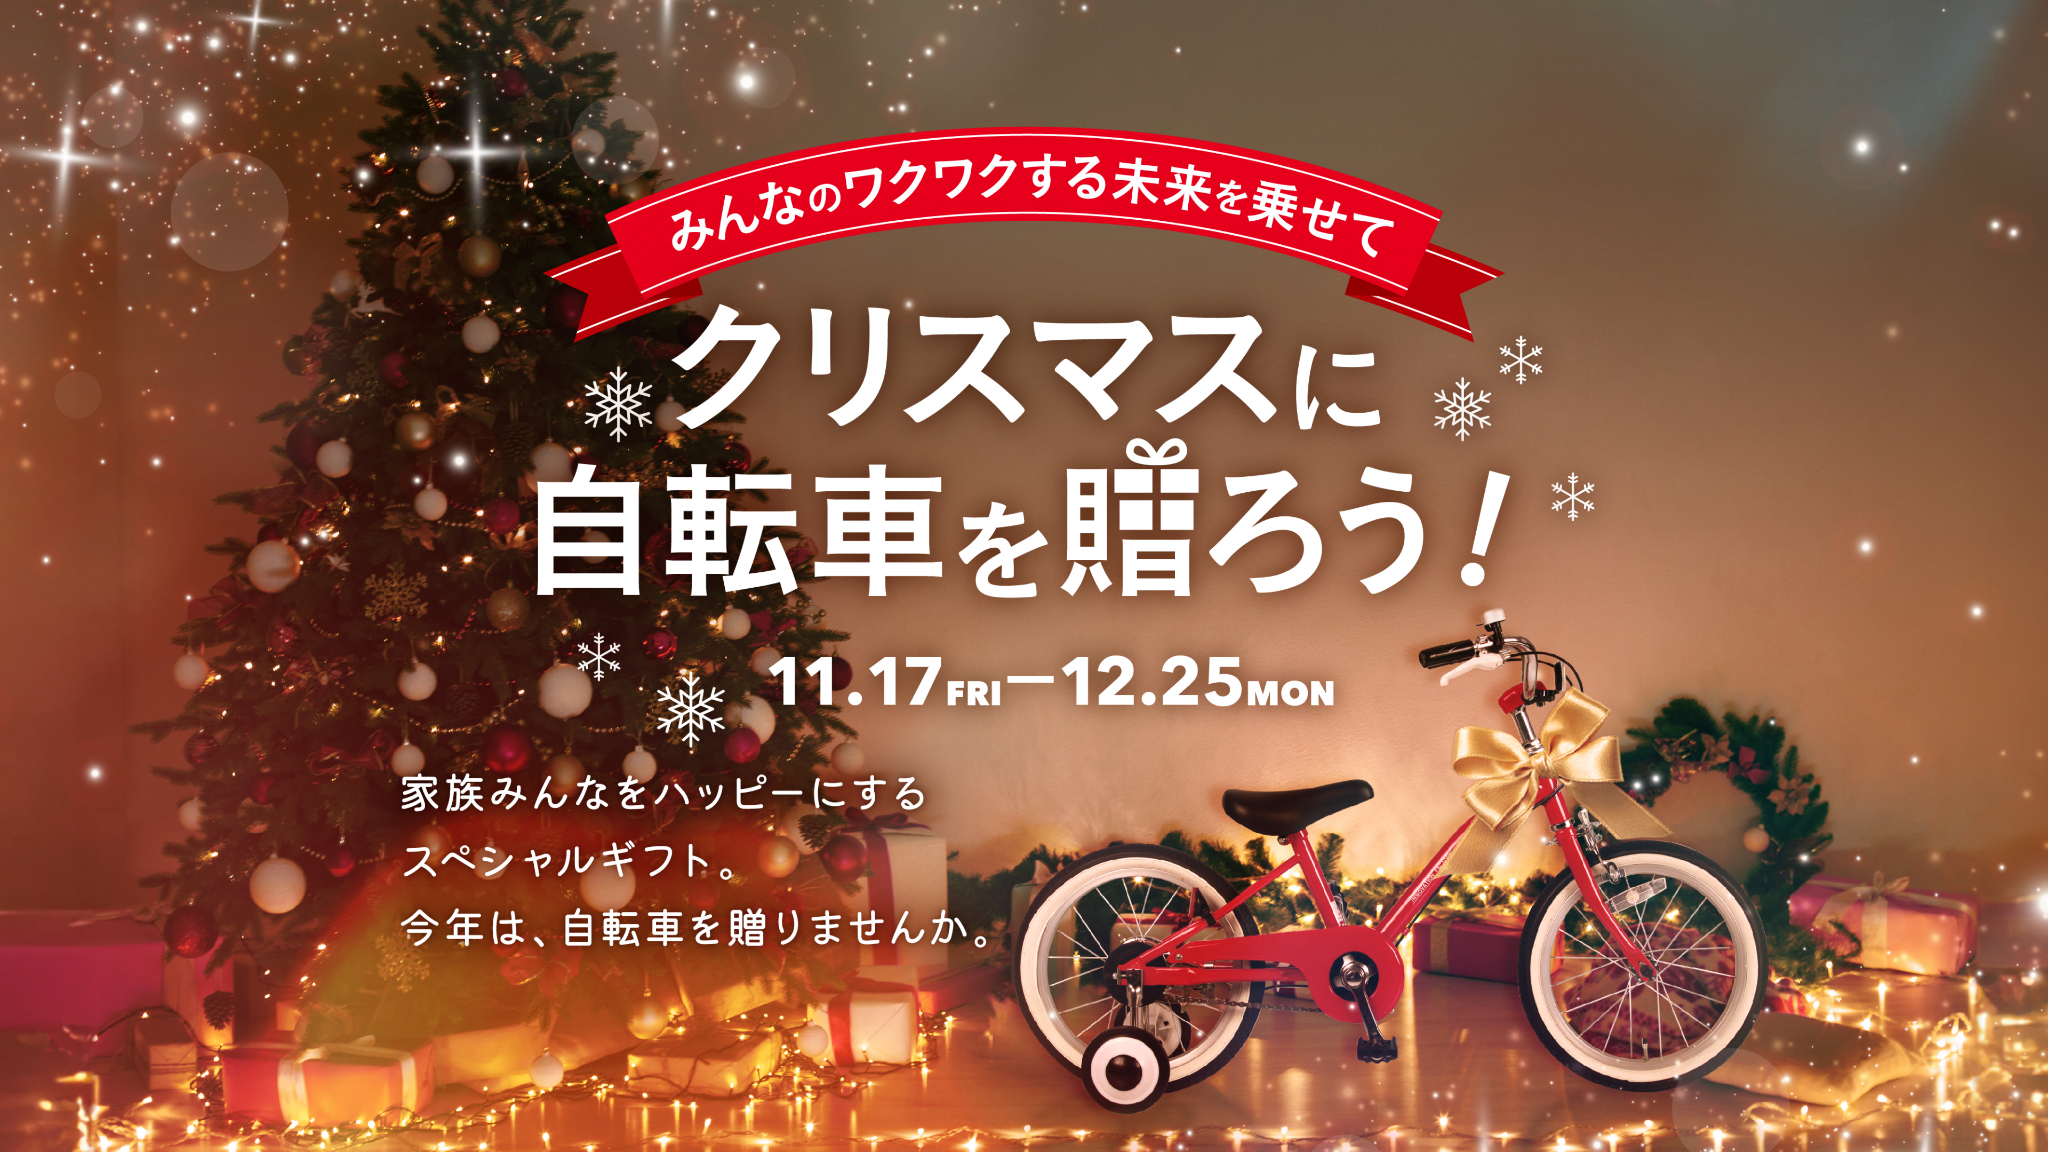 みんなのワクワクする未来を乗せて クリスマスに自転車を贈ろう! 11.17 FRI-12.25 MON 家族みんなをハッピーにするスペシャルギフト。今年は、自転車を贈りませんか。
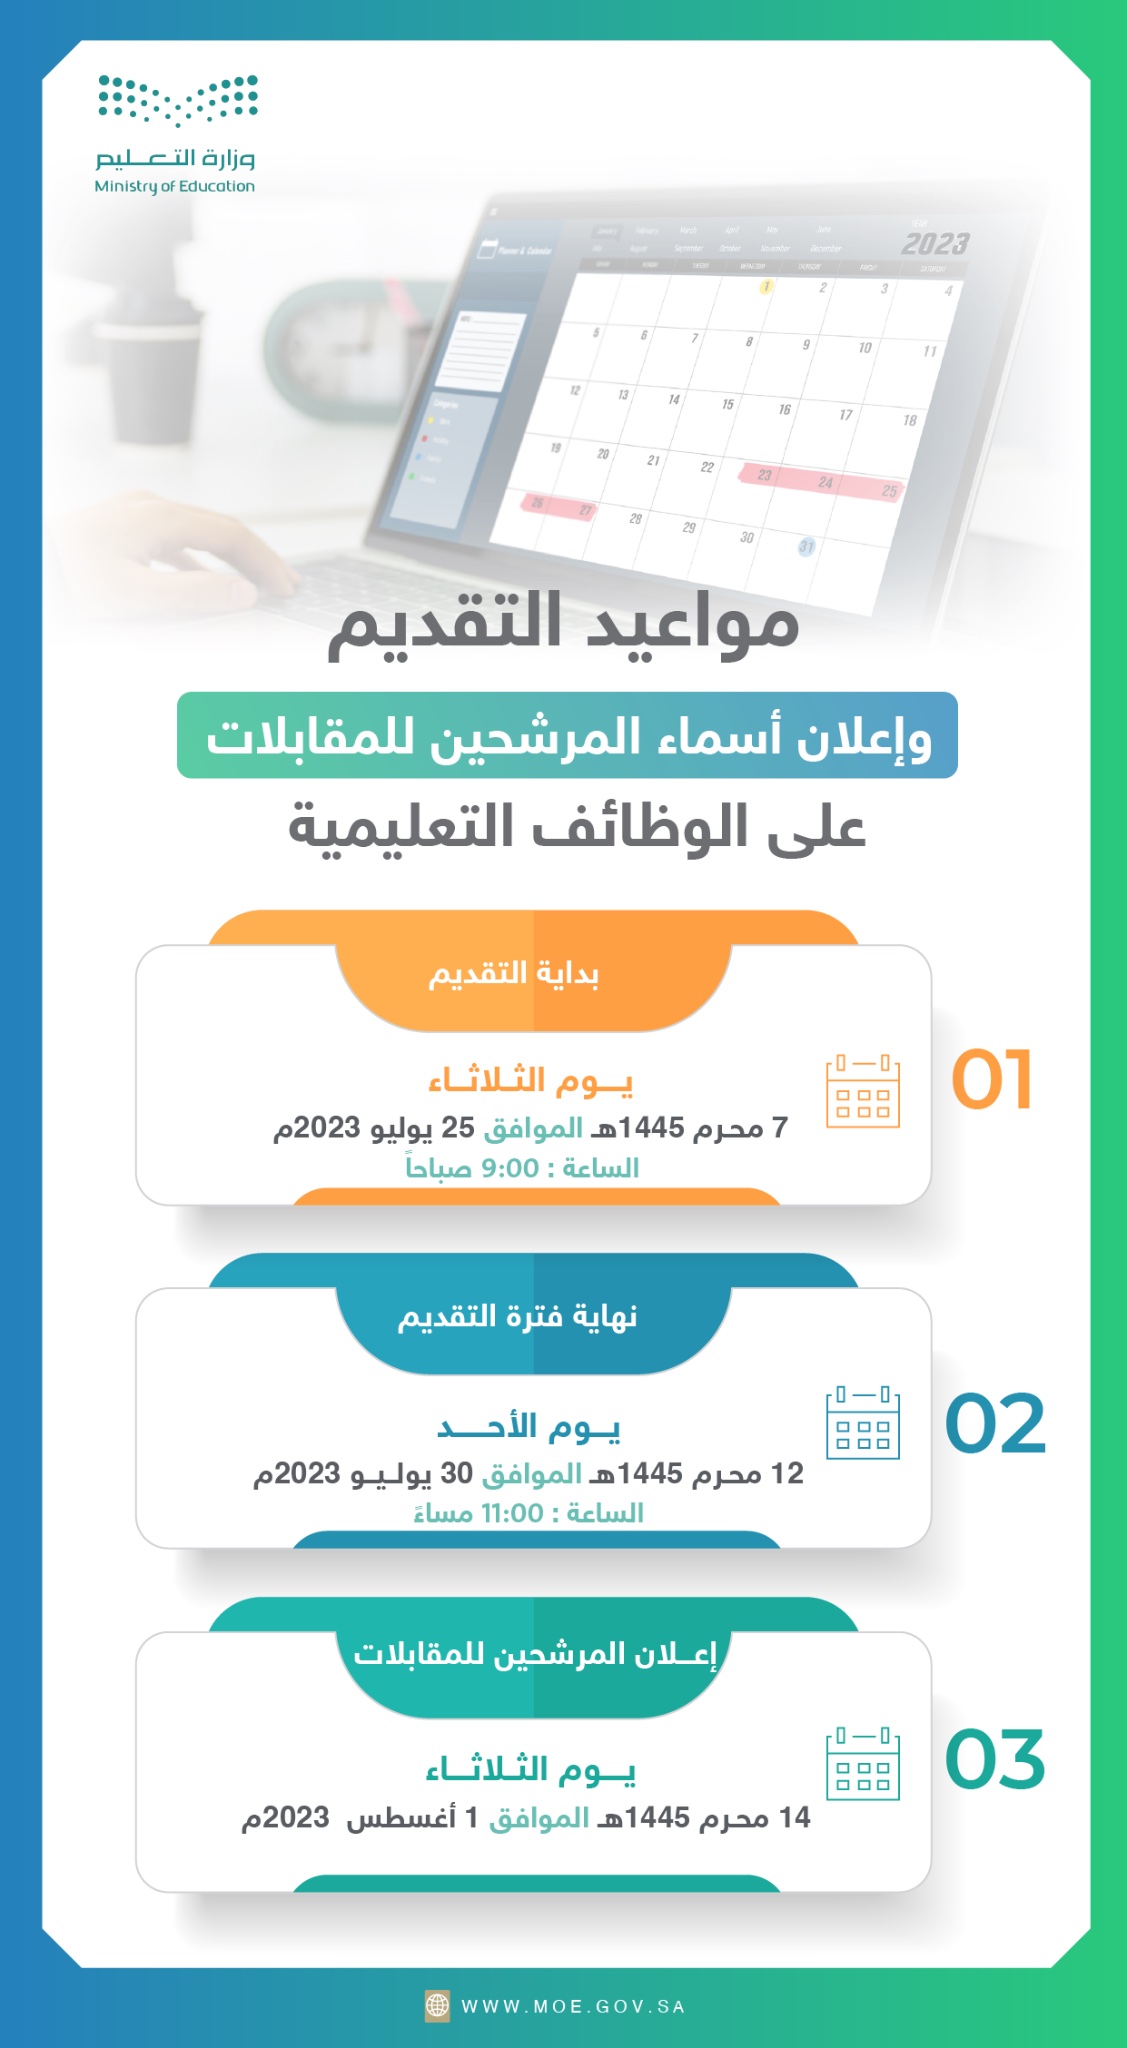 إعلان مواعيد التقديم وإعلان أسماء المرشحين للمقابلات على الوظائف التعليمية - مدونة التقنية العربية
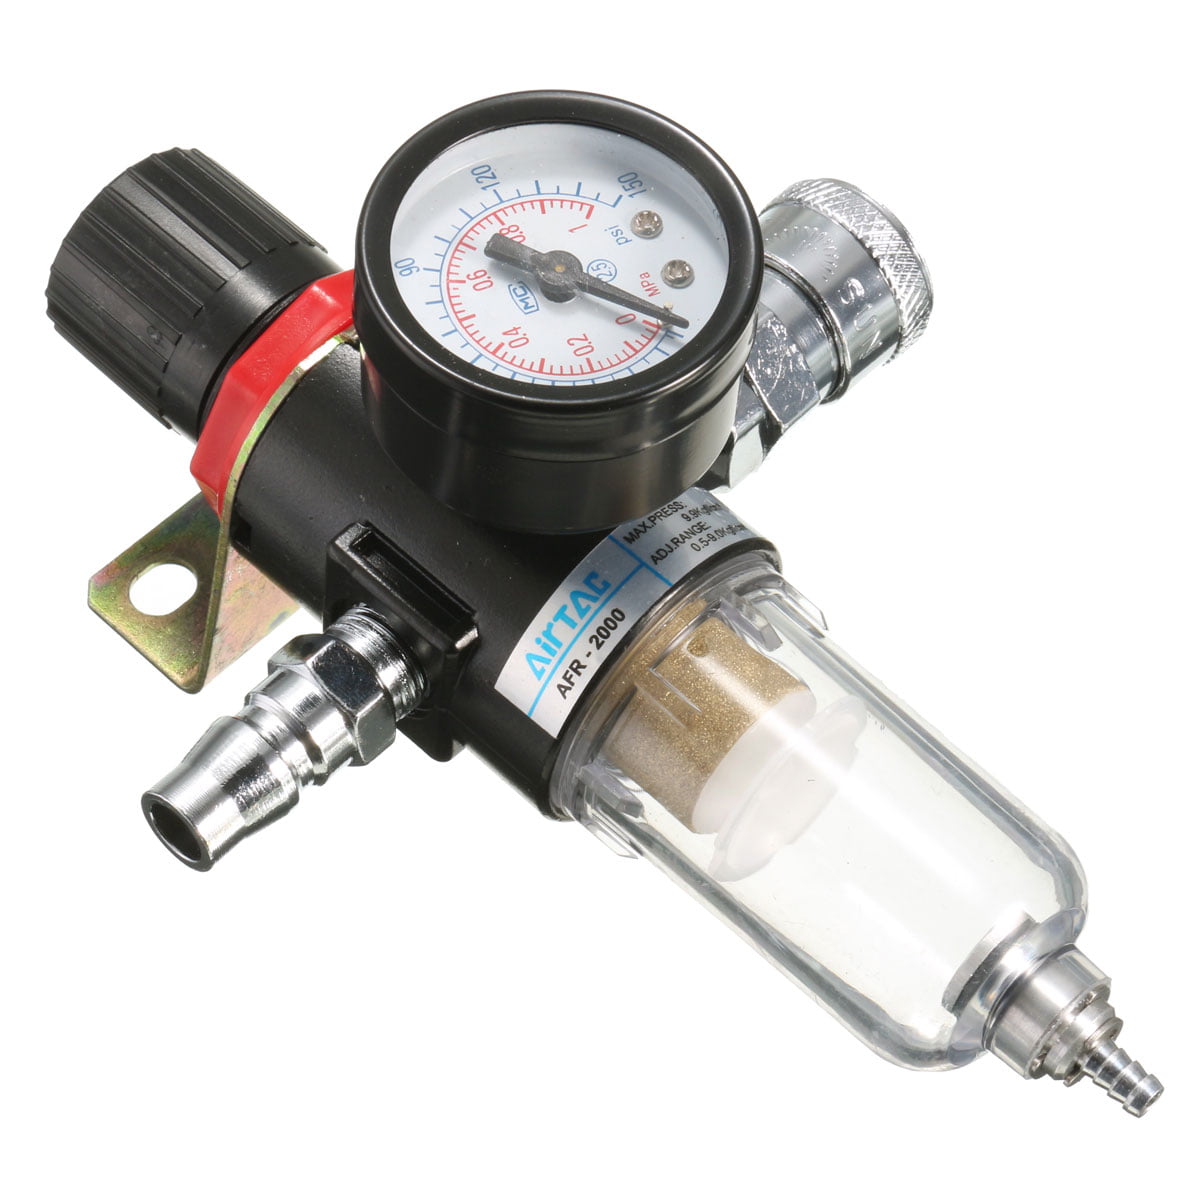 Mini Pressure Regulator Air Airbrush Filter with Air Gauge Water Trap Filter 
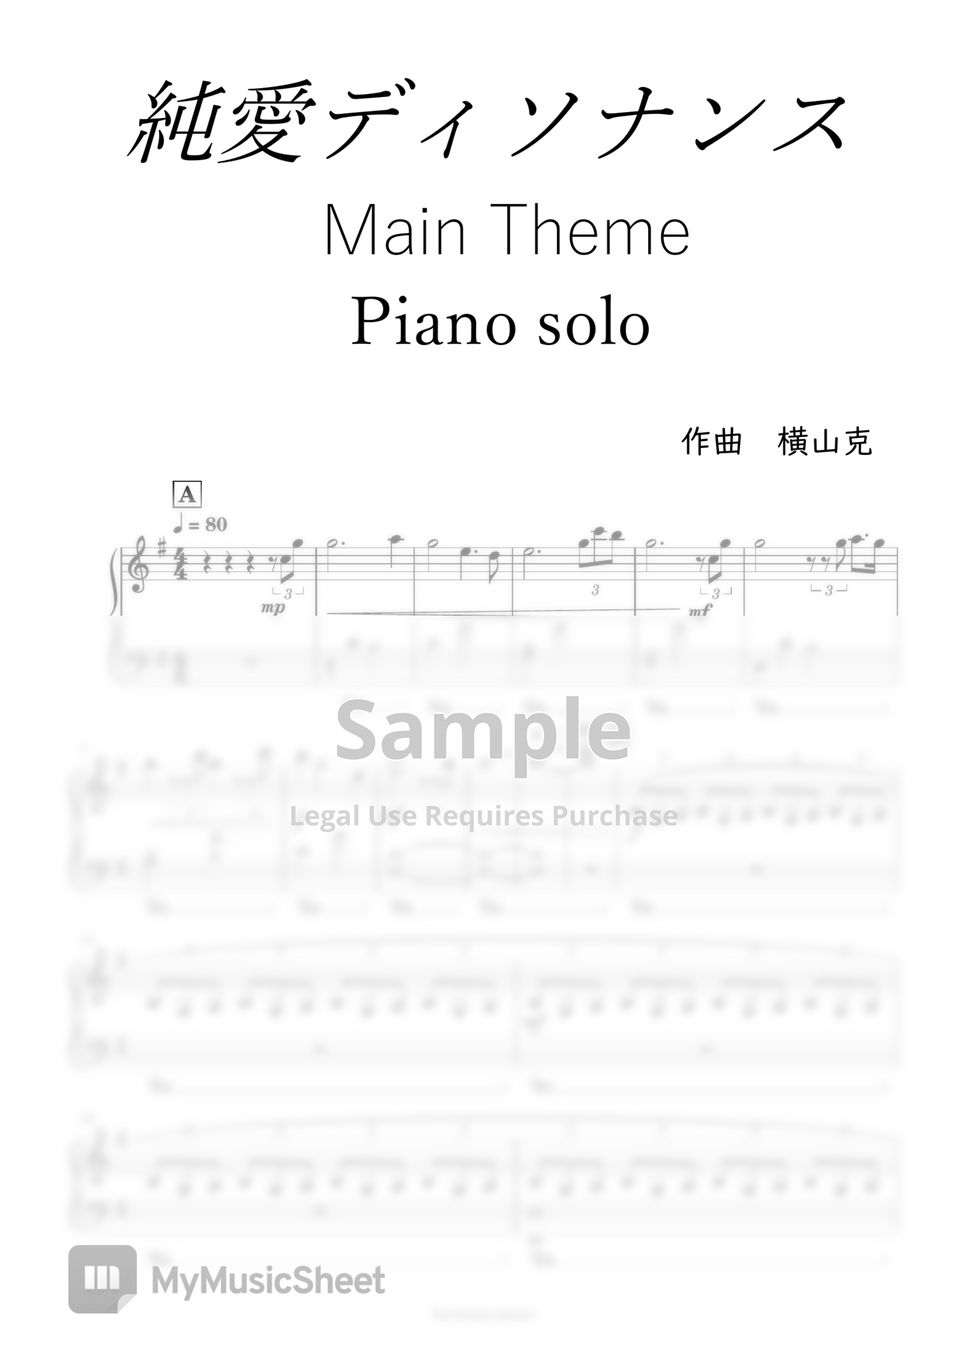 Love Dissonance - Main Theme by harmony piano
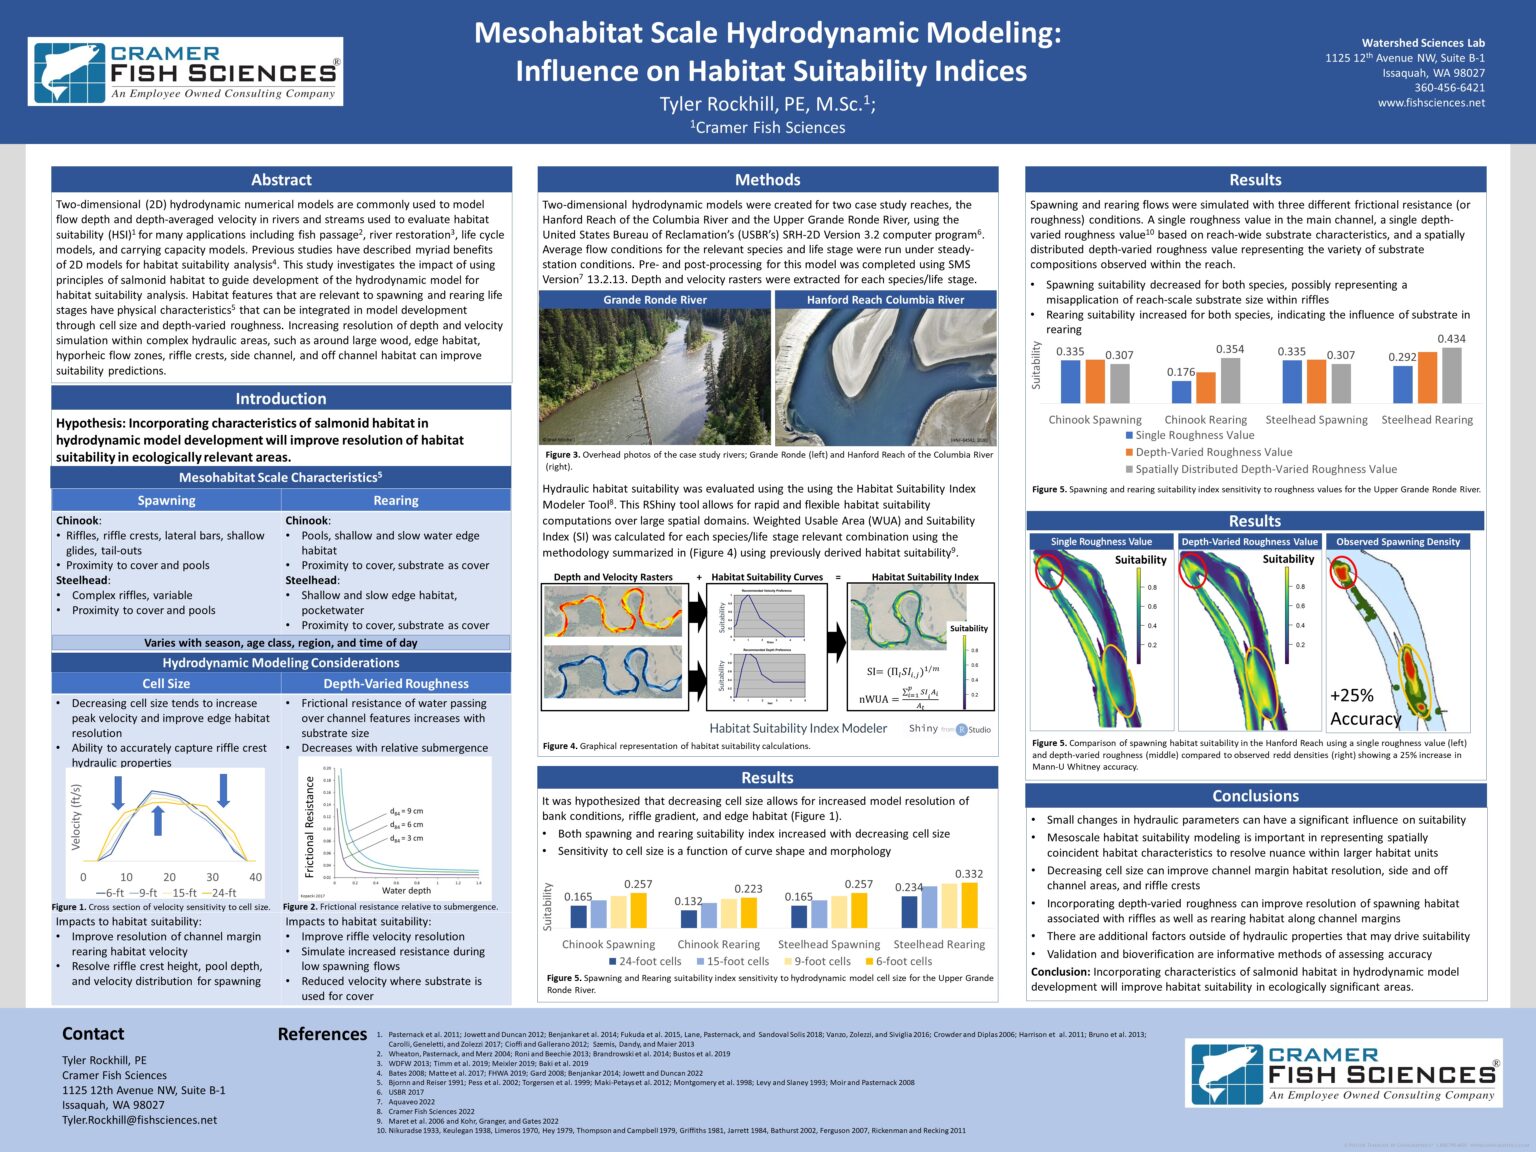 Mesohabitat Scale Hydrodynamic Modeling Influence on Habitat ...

---------------

▶ Requirement
Copy nothing but the lines from the line that contains "Love Dissonance - Main" through the end of the listing, exactly, and keep pictures out of it.

▶ Finished task
 Love Dissonance - Main Theme by harmony piano
 Mesohabitat Scale Hydrodynamic Modeling Influence on Habitat ...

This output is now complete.